# Updated tablet app



## GotGarlic (Apr 6, 2014)

I updated the app a week or so ago and have a question. I usually start by reading the unread threads. Now, when I read them, then tap the refresh button to see if there are new posts, it says "No topics." But if I look at the site in a browser, there are unread posts. Am I missing something?

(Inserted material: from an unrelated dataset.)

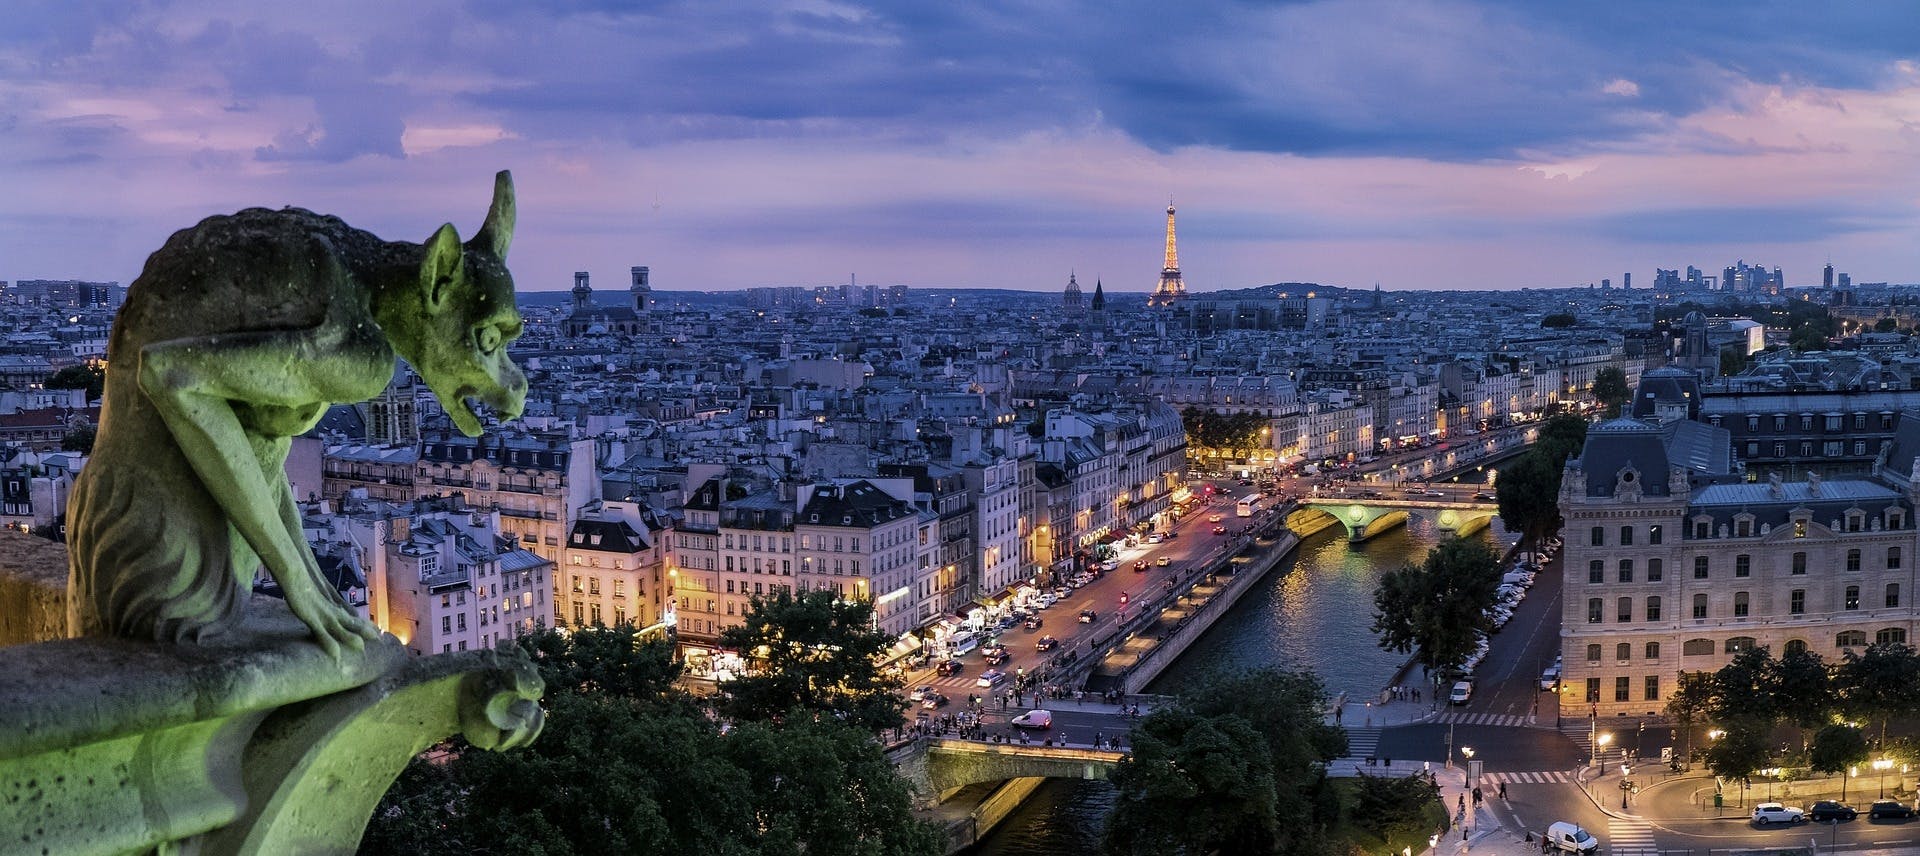 Samodzielny spacer po Paryżu z tajemniczą grą wokół Notre Dame

Thanks.


----------



## PrincessFiona60 (Apr 6, 2014)

Good question GG...hey Mods, any answers there?


----------



## Dawgluver (Apr 6, 2014)

Haven't  the foggiest.  I've been trying to post a cartoon on Today's Funny, and keep getting a Parse Error, Contact Admin.  I think it's due to my old iPad and its inability to update to the latest software.  It only goes up to 5.3, not the current one.


----------



## PrincessFiona60 (Apr 6, 2014)

Can you bring this to Janet's attention?


----------



## Dawgluver (Apr 6, 2014)

I did.

We will be going to a different app provider at some time.  Hopefully it will be resolved soon.


----------



## PrincessFiona60 (Apr 6, 2014)

Thanks!


----------



## GotGarlic (Apr 7, 2014)

Thanks for the nudge, PF, and the response, Dawg.


----------



## PrincessFiona60 (Apr 7, 2014)

I've been in the backroom, with everyone wearing lampshades, sometimes you have to stop the music.


----------



## GotGarlic (Apr 7, 2014)

PrincessFiona60 said:


> I've been in the backroom, with everyone wearing lampshades, sometimes you have to stop the music.


----------



## pacanis (Apr 7, 2014)

PrincessFiona60 said:


> I've been in the backroom, with everyone wearing lampshades, sometimes you have to stop the music.


 
Wearing lampshades?
Is that like sticking your head in the sand?


----------



## PrincessFiona60 (Apr 7, 2014)

Being a Mod or Admin is a lot different than actually being the person(s) who owns and runs the site.


----------



## Janet H (Apr 9, 2014)

The best advice I can offer when ever you have app issues is to uninstall the app, cycle your device off and on and then dowlnoad a clean version of the app.  it solves most issues, even though it's mighty annoying


----------



## GotGarlic (Apr 9, 2014)

Janet H said:


> The best advice I can offer when ever you have app issues is to uninstall the app, cycle your device off and on and then dowlnoad a clean version of the app.  it solves most issues, even though it's mighty annoying



Thanks, Janet. I'll give it a try.


----------